## WORK INSTRUCTIONS
Transcribe the data as written, minus images.

## SUPPLIED DATA
########################################
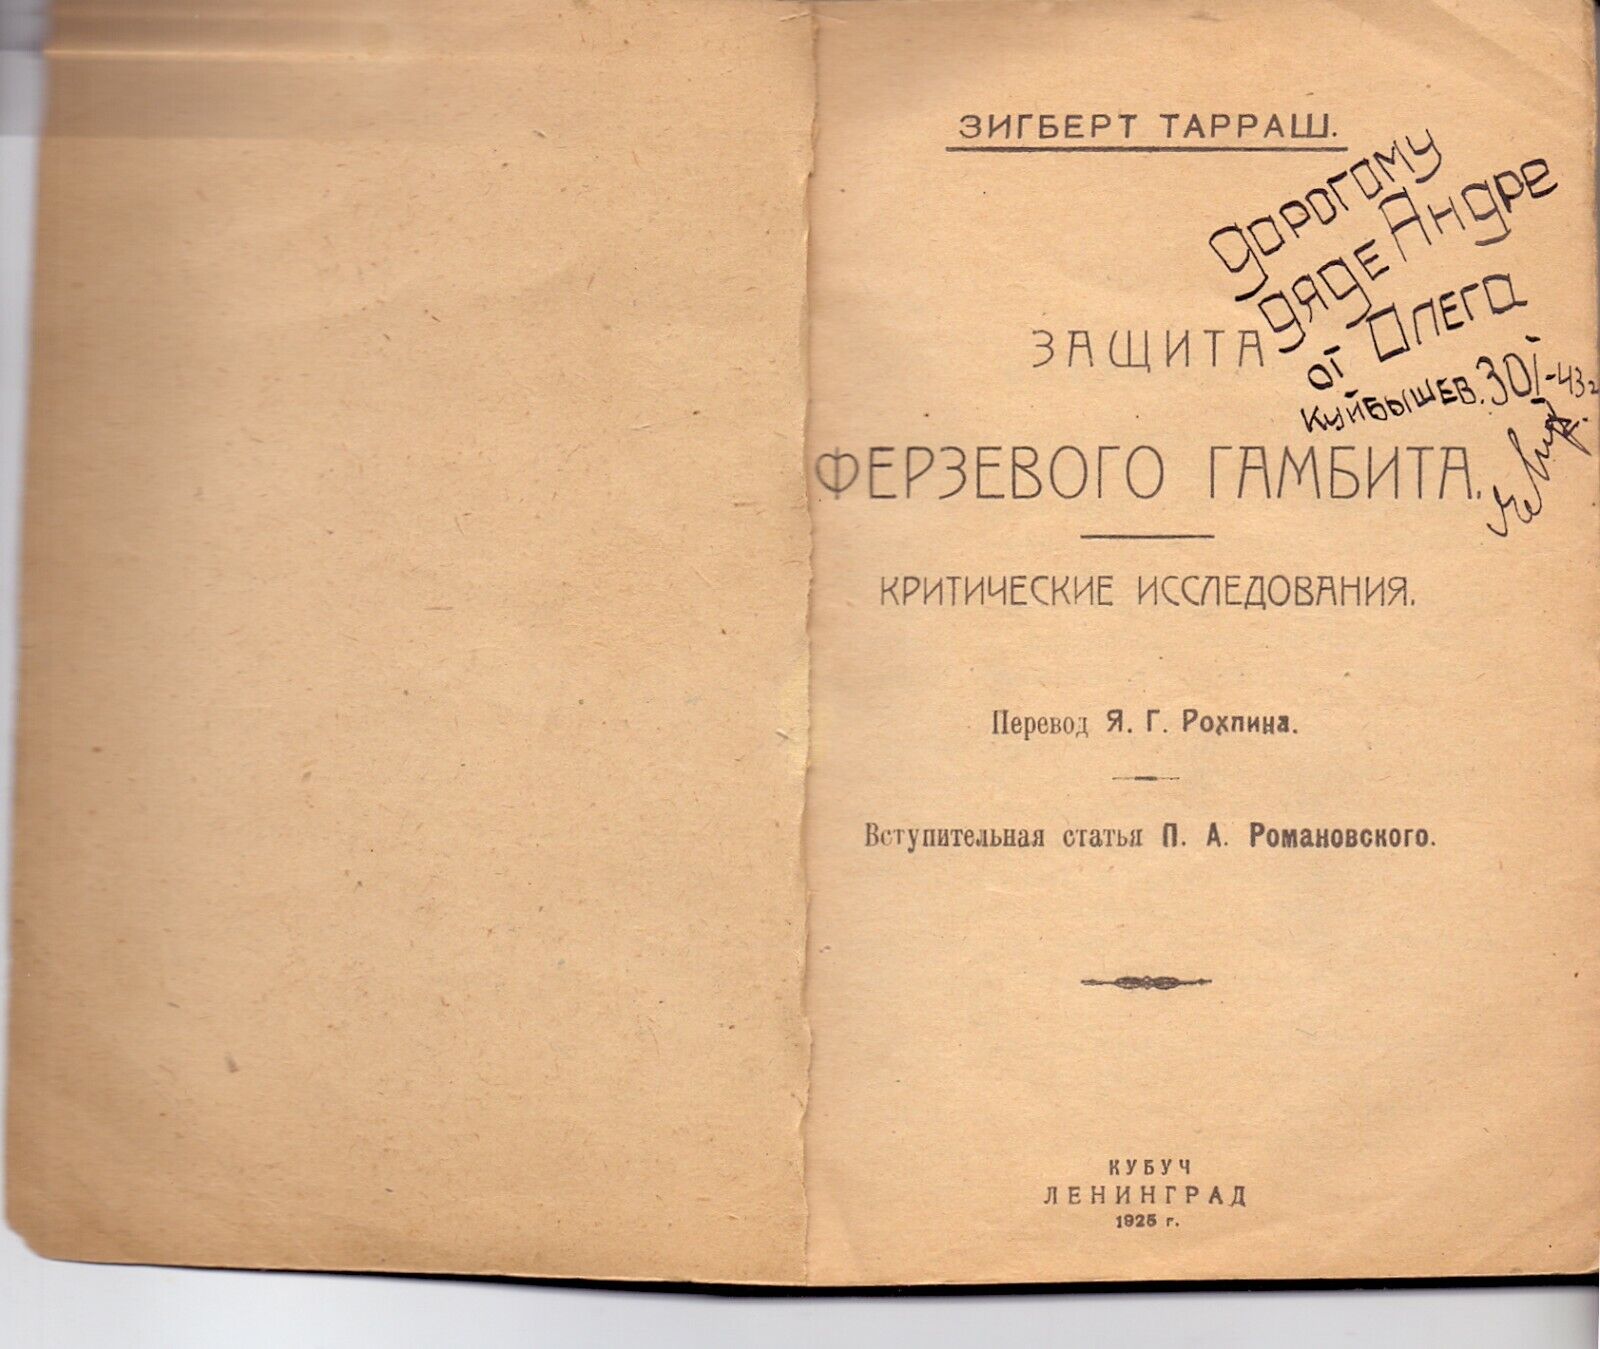 11539.Russian chess book: S. Tarrasch. 1925.Protection of the Queen's gambit
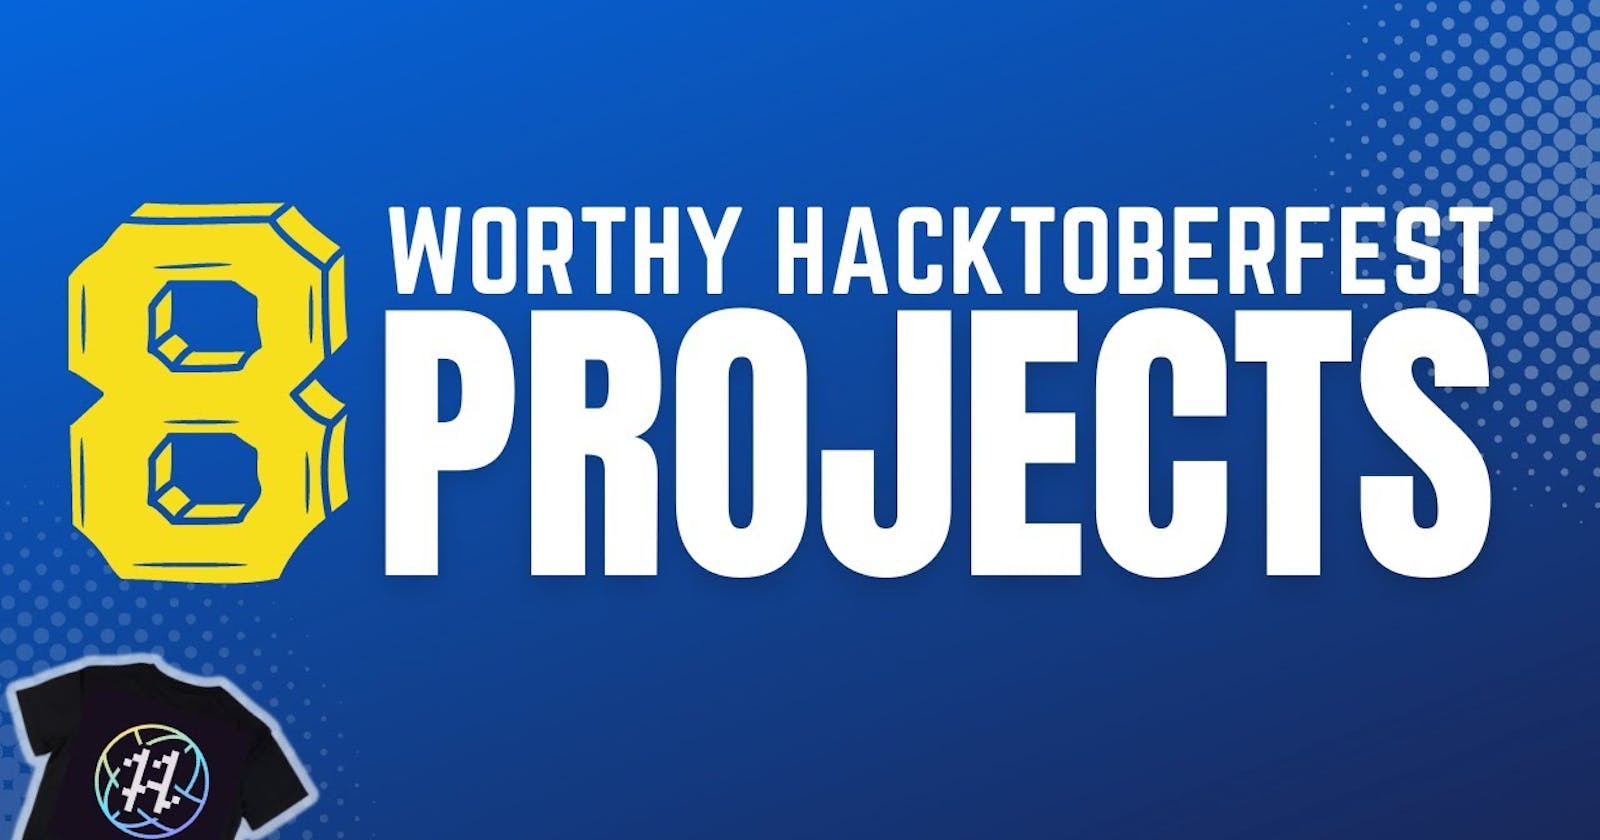 8 Worthy Hacktoberfest Projects You Can Contribute To
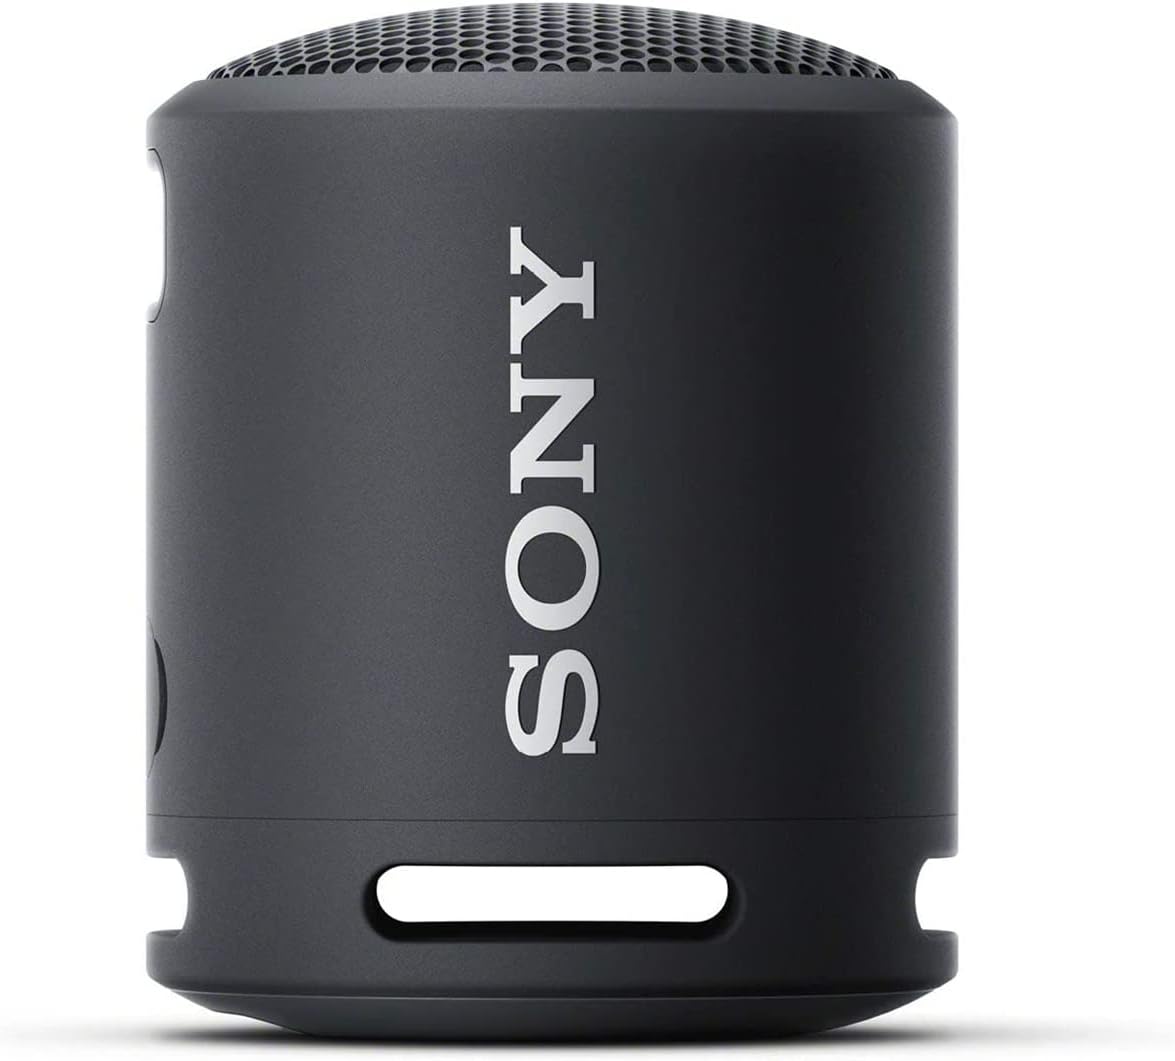 Remarks on Sony SRS-XB13 EXTRA BASS Wireless Bluetooth Portable Lightweight Compact Travel Speaker, Black
########################################
## REPLY
 11539.Russian chess book: S. Tarrasch. 1925.Protection of the Queen's gambit
 8 Worthy Hacktoberfest Projects You Can Contribute To
 Remarks on Sony SRS-XB13 EXTRA BASS Wireless Bluetooth Portable Lightweight Compact Travel Speaker, Black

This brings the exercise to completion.